At least she could be useful. With a surge of determination, she grabbed the handle on the old front door to yank it open—and almost dislocated her arm.
The door was locked.
She looked around at Wynott’s other businesses and the old Victorian homes that lined Main Street. Their sidewalks were shoveled, and the street was plowed. It was a Thursday afternoon, and the sun was shining. Folks would need shovels, and kids would come in and buy the plastic sleds she’d ordered. So why wasn’t the store open?
She glanced at the show window and felt butterflies in her belly again, but instead of fluttering with anticipation, they were plain dang nervous, because the lights were out, the Styrofoam snowman’s hat had fallen over one eye, and the scrapers and boots she’d carefully arranged were in disarray. Ed’s cardboard Closed sign was stuck in one corner.

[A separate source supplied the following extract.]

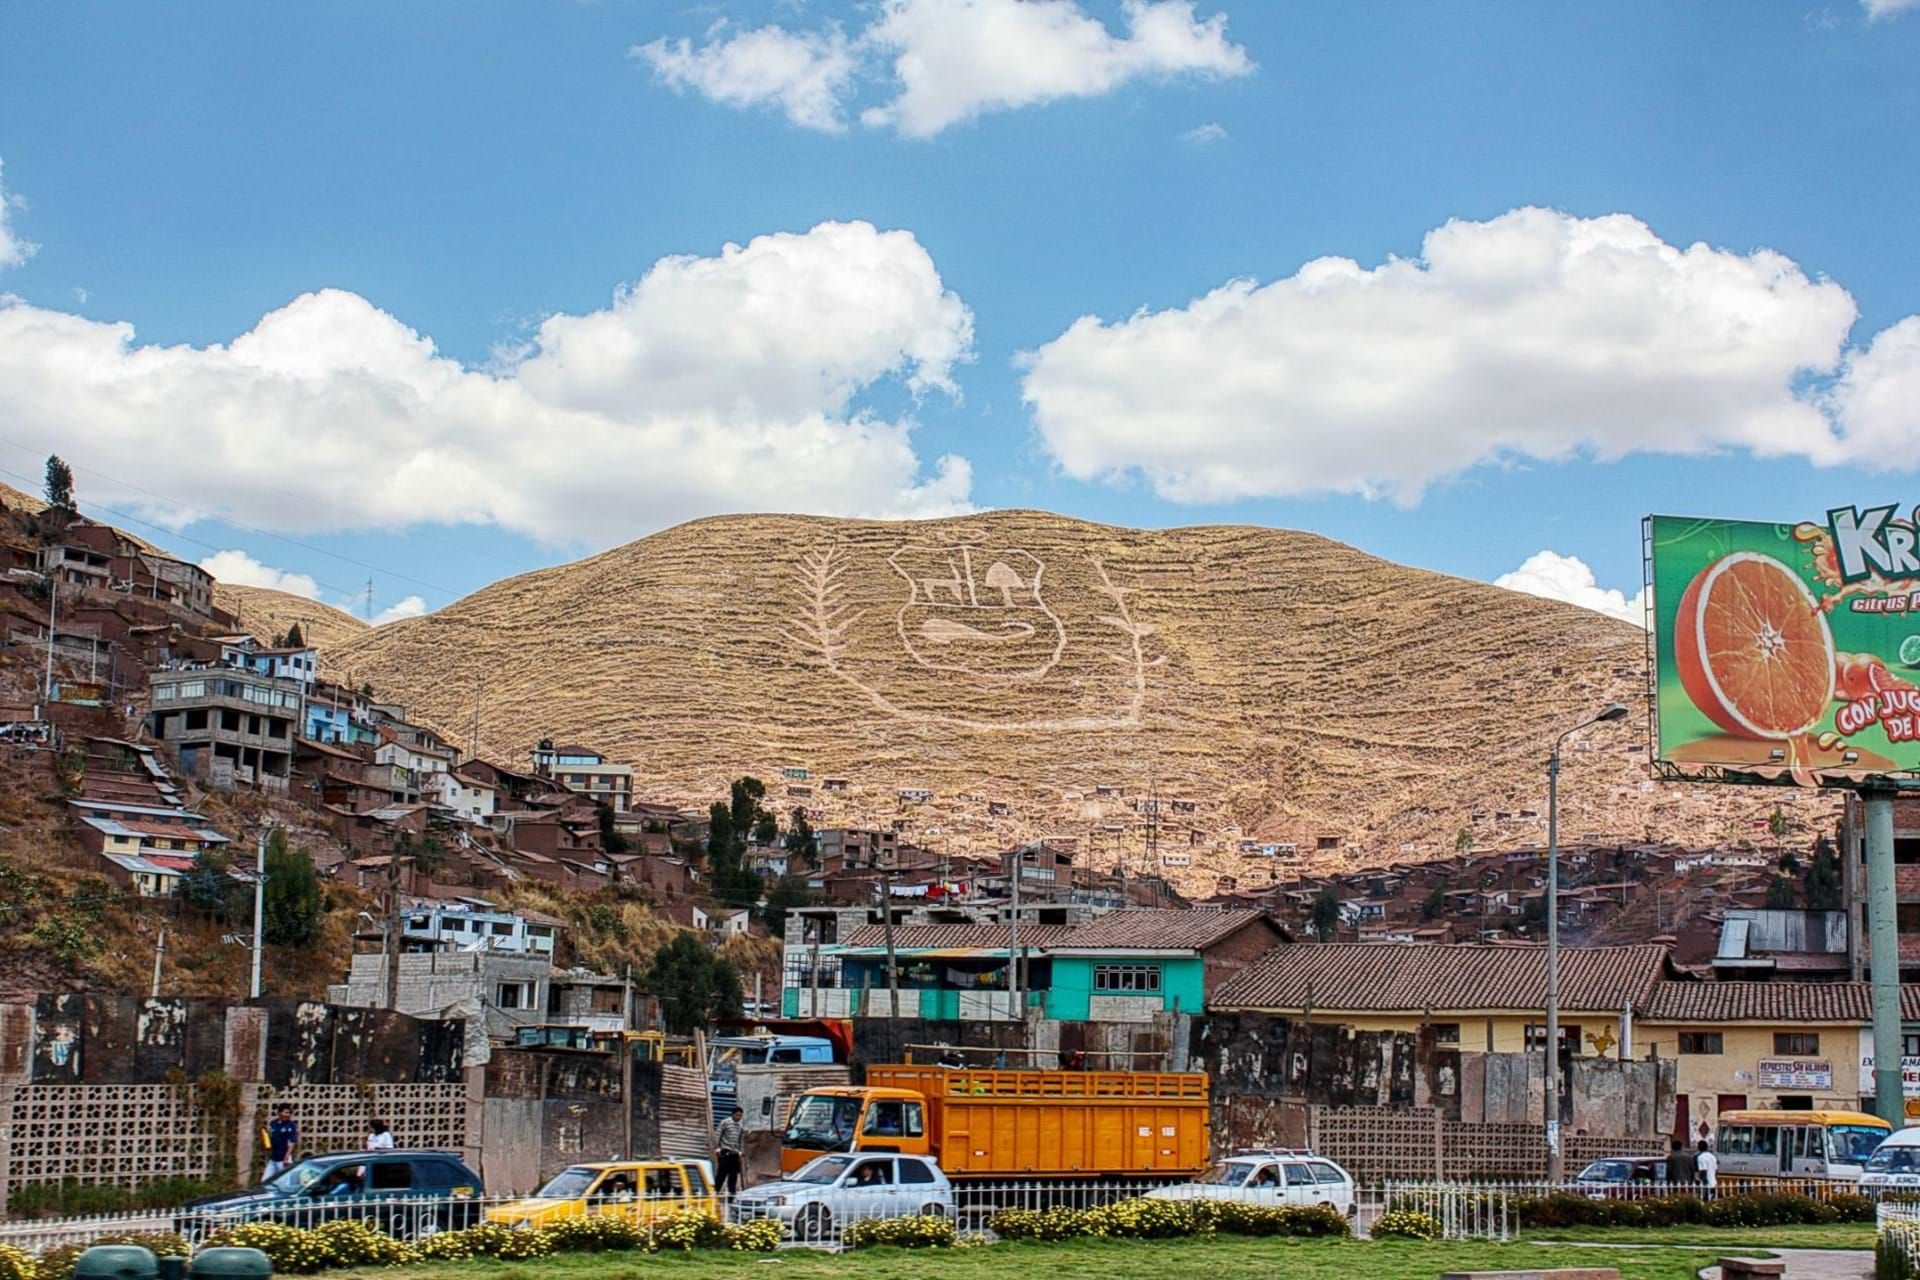 How did you find Peru as a trekking destination?

Maybe the sisters had insisted on some sort of family outing, like shopping in Cheyenne or going to see the Christmas lights in all the subdivisions scattered around the town. But why wouldn’t Ed have called Riley and asked her to watch the store? Staying open during his appointed hours was practically a religion for him. He believed a hardware store was like one of those urgent care clinics but for houses instead of people. Folks depended on them to be there with first aid for stopped-up plumbing, broken washing machines, and busted irrigators. He’d even been known to open in the dead of night when one of their regulars had an emergency—but judging from the depth of the snow on the sidewalk, Boone’s Hardware had been closed for more than a day. Something was wrong.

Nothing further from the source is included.